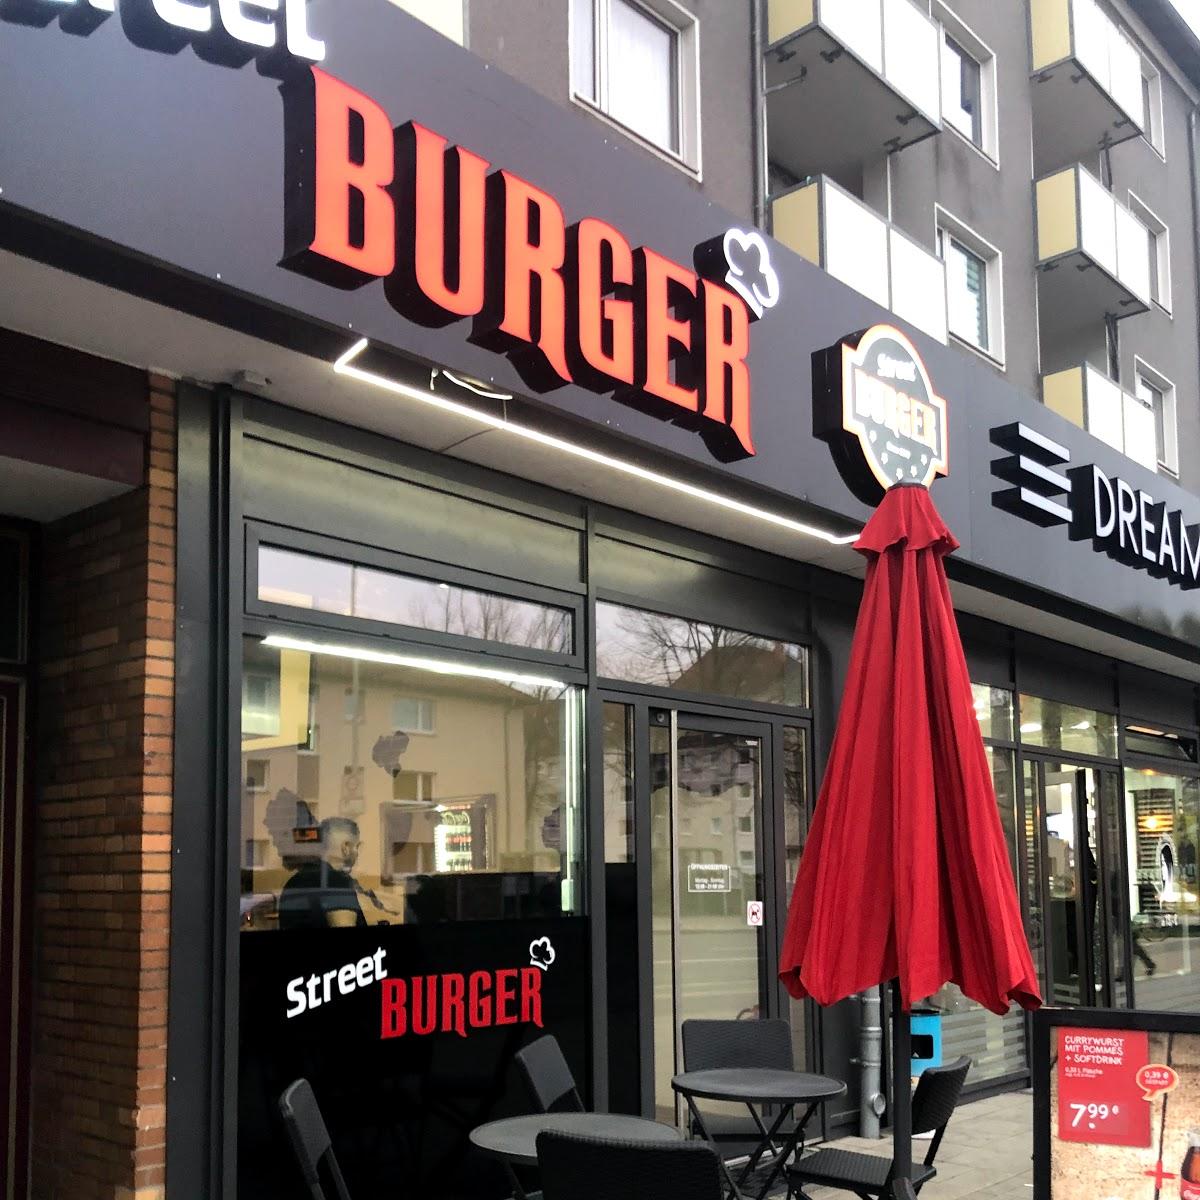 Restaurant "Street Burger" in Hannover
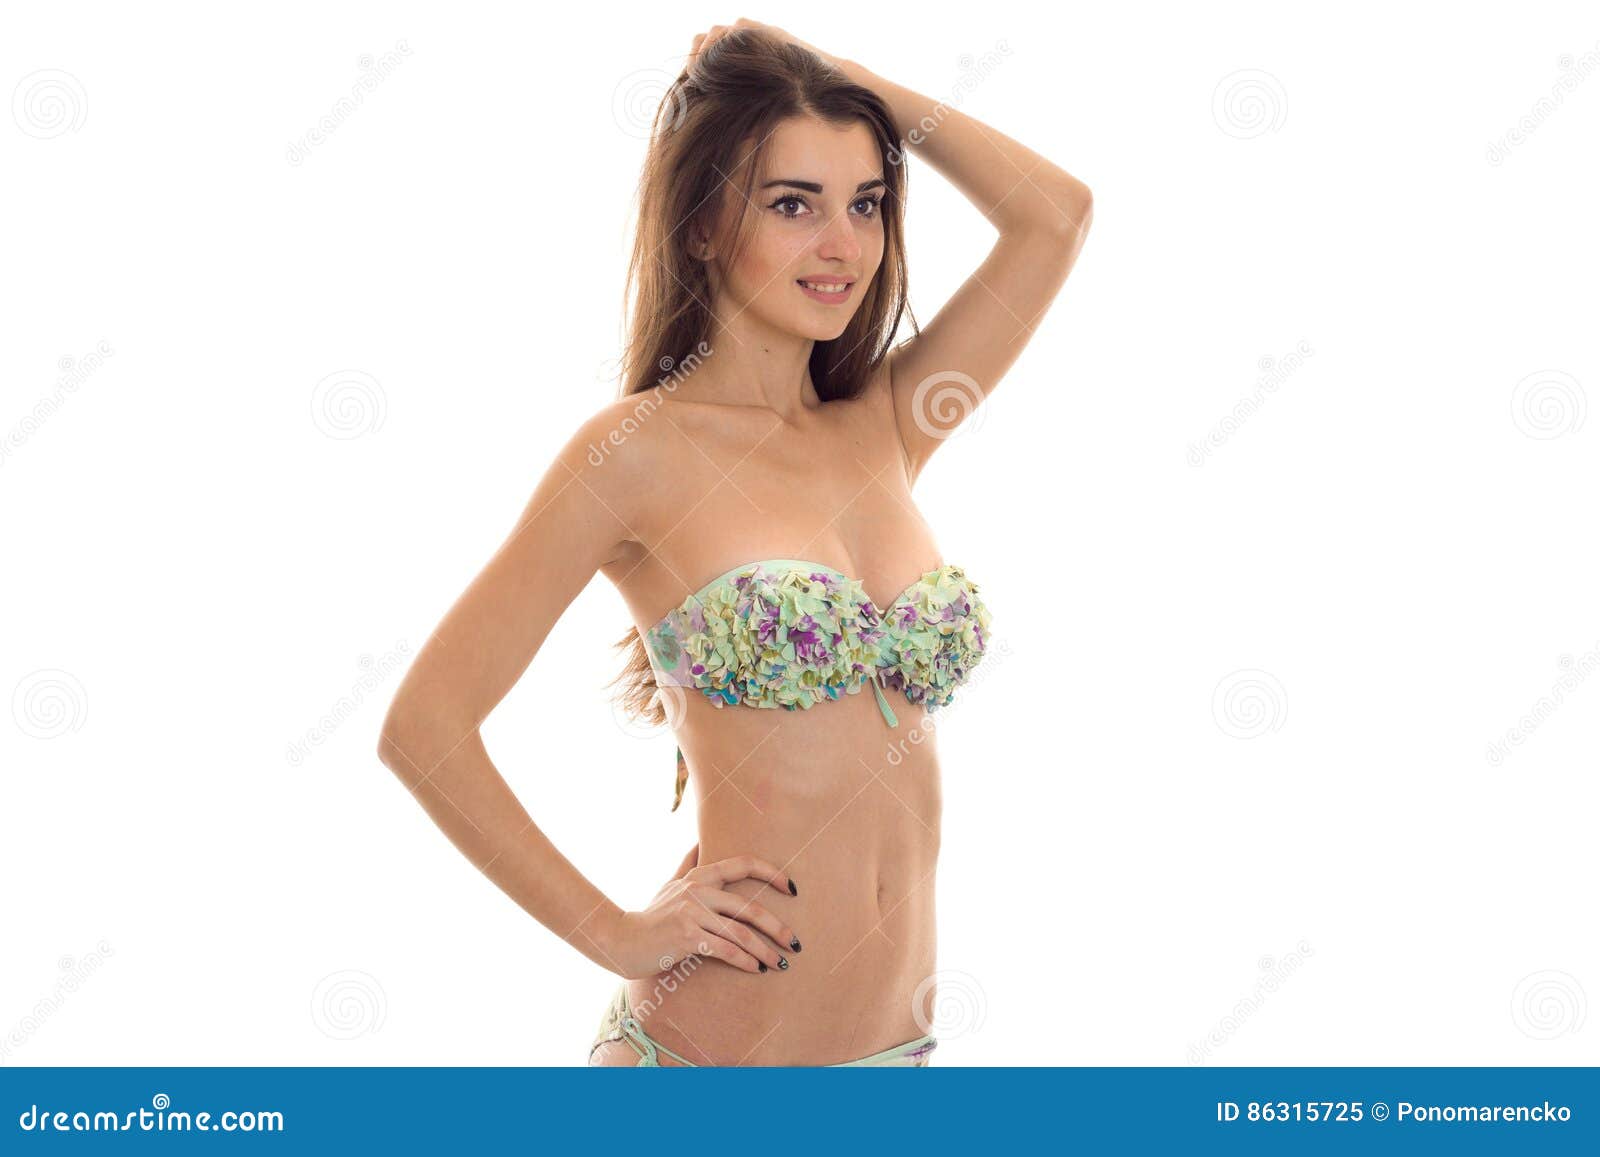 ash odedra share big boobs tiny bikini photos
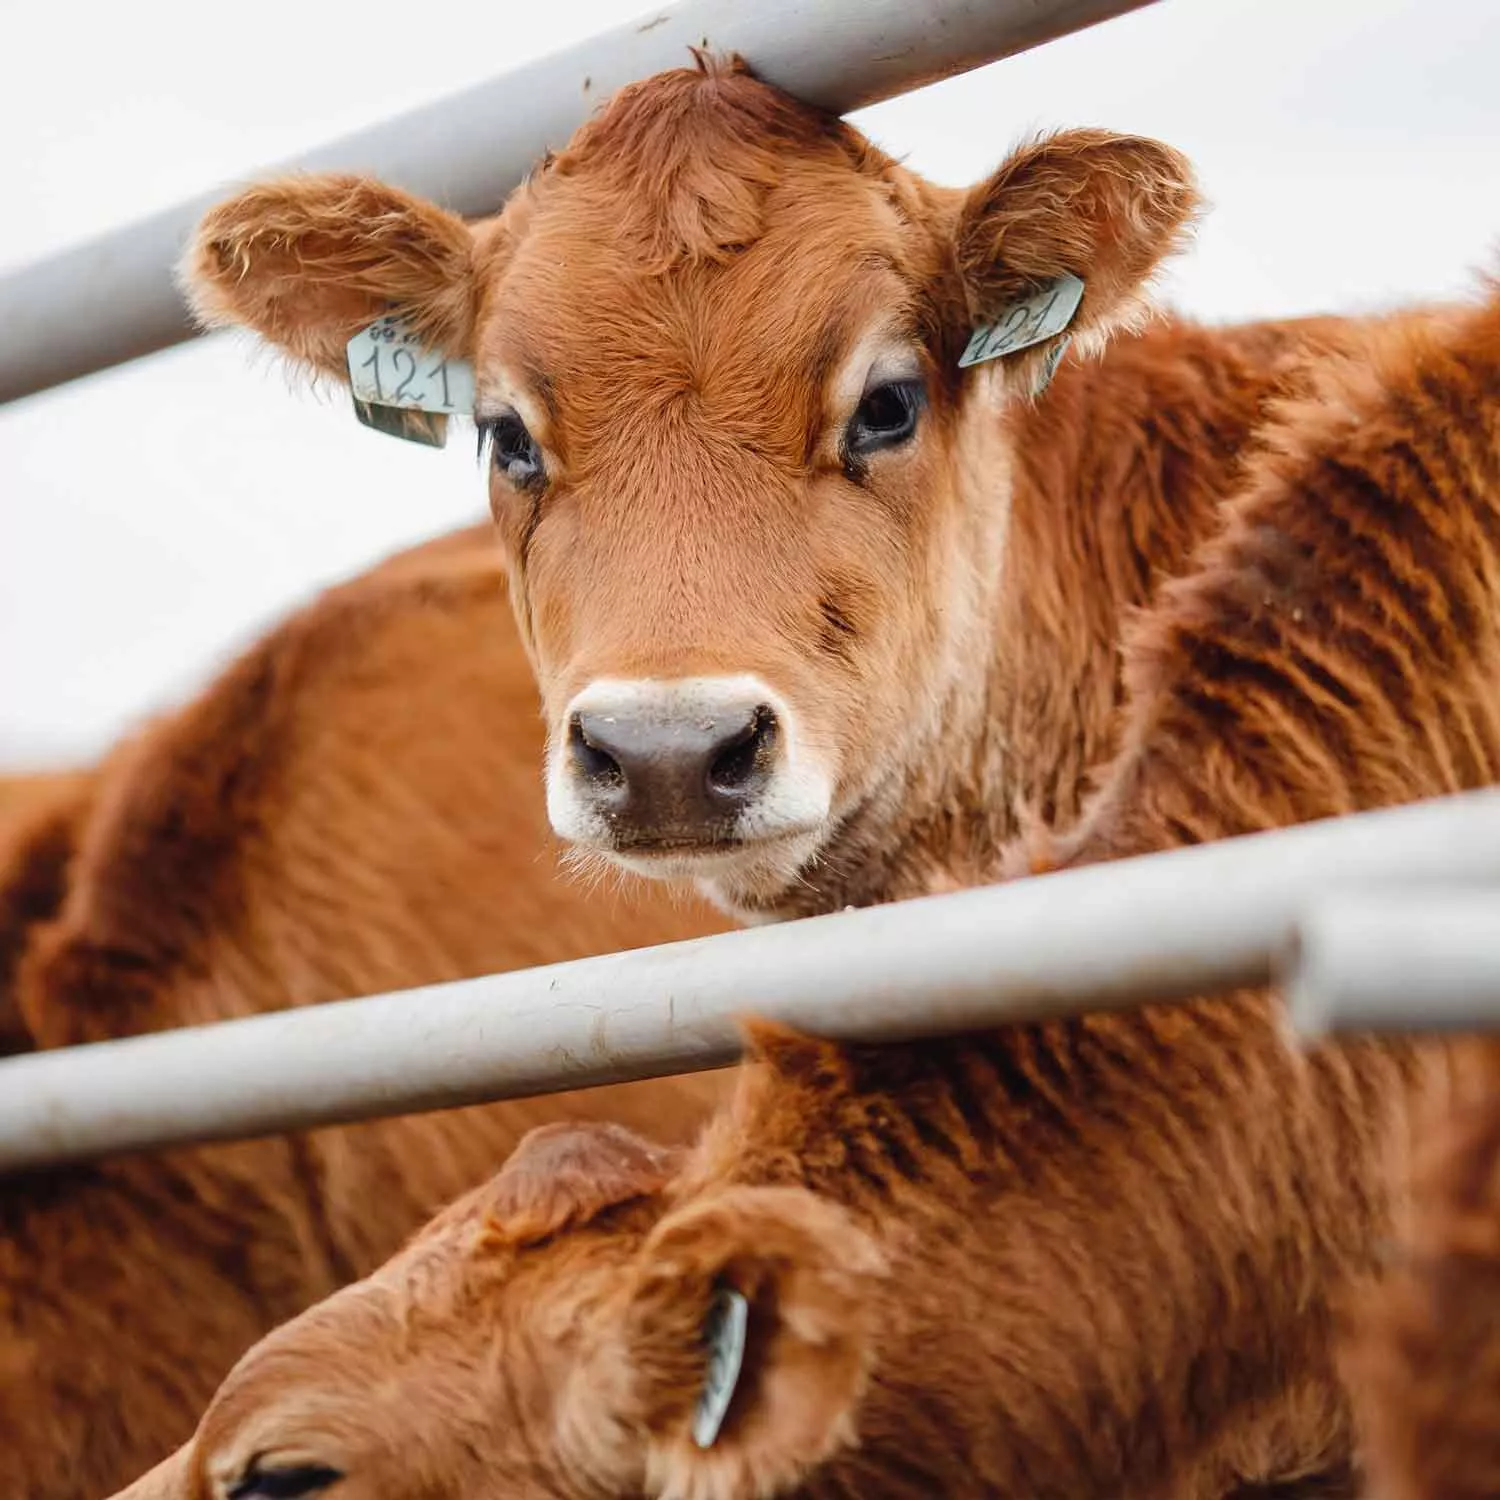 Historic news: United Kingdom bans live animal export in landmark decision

• [Exercise]: Transcribe all of the data above exactly; no picture belongs in the copy.

• [Solution for this exercise]:
 Restaurant "Street Burger" in Hannover
 ash odedra share big boobs tiny bikini photos
 Historic news: United Kingdom bans live animal export in landmark decision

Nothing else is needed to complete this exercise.